I just have to buckle down 100% on the diet and squeeze that fat off. I figure 20-25lbs more and then I will be in great lean shape.
Posted in Training
February 10, 2007
I am finding myself a little frustrated. I am very happy I have lost a lot of fat, but it seems to have come off everywhere but my sides and lower back.
My chest and waist keep shrinking the same amount, leaving me 5" bigger in the chest than the waist. I sure would like to get at least a 10" difference.

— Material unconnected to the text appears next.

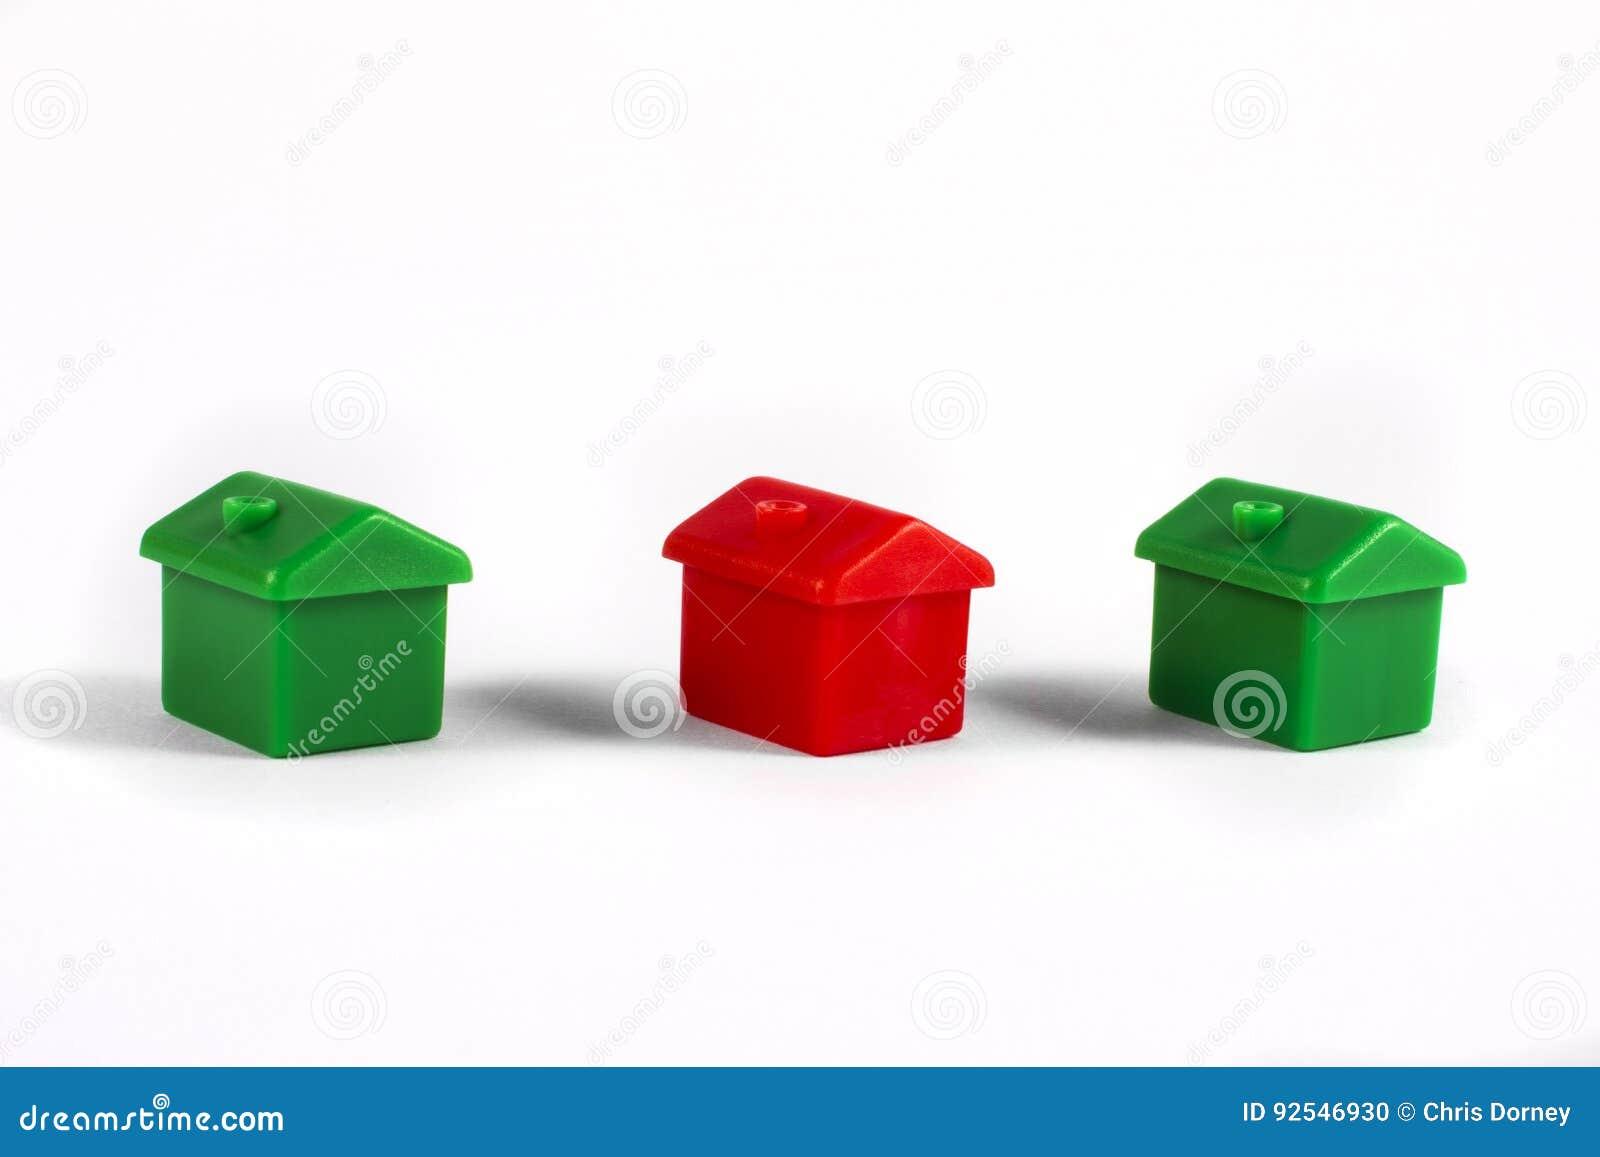 Toy Houses over een Witte Achtergrond

It’s hard not to compare myself to the 170lb, 5′9" guys on the forum who have 46" chests and 32" waists. I outweight them by 25lbs and my chest is 4" smaller and my waist is 4" bigger.
Maybe they are measuring their chests flexed or something.
I need to look at the bright side, at least my fat is going away. Maybe once the fat is down even further, I can start eating more and put on some muscle mass in my chest and back.
Posted in Training
February 7, 2007
After posting for a long time in my training log in the Over 35 section, I thought I would start a blog for people who visit my bodyspace. Welcome!
I have always had weight problem, lose and gain, lose and gain, over and over again. I have been overweight since the age of 12 or so, and over 200lbs for about the last 15 years, with a couple of crash diets down into the 190’s.
My chiropractor, Dr TJ Morgan, who is a client of my CPA firm, a bodybuilder, and a close friend, told me in 2005 that I was the age where men just die of a heart attack. I needed to do something about it that I could maintain, so I could be healthy well into old age, enjoy activities and do stuff with my kids and grandkids to come.
He also told me that I had a natural build for bodybuilding, and that I should strive to get ripped and compete someday. At the time, I just laughed.
In June 2005 I went on a diet, and started lifting twice a week with TJ. Starting at 237.5, I lost down to 210.5 by October 2005, but gained 15lbs between Thanksgiving and New Years. By the time my tax season was over in April 2006, I had gained most of the weight back, even though I was still lifting twice a week. So I was in better shape, but still…
On the Tuesday after Labor Day 2006, I went to work out and told TJ that I was totally pissed and the weight was coming off for good this time. I weighed in at 234.5lbs that day. I got back on the bobybuilding.com form, started my log back up, and started eating better.
I lost pretty steadily, but not as quickly as I hoped. I tried to look at it as a long-term solution, though, and TJ told me to be patient. I was still working out only twice a week until around Nov 1. At that point I decided to get more serious about the exercising part of the equation. Started lifting an additonal two days a week and doing cardio at least 3 times a week.
Around December 1 or so, I met a Canadian ranked bodybuilder named Todd Payette through the Dave Draper.com forums, and hired him long distance to further help me with my goals of competing and getting in shape. He prescribed pretty exact diet and exercises I was to do on the days that I wasn’t lifting with TJ. I followed his program fairly well, but not exactly, through New Years. I was cheating on the diet some, and he said no cheating unless I tell you.
Finally, the day after New Years, I vowed to go exactly as Todd said to do. I weighed in at 211.5 that day. Since then I have only cheated the times he told me too and as of Feb 6, I am down to 198lbs.
I have a long way to go to compete, but I am a lot healthier than I have ever been. I look forward to see where I am this Labor Day, after being serious for a whole year.
I am starting to see what TJ told me might be true, I do have a build for bodybuilding.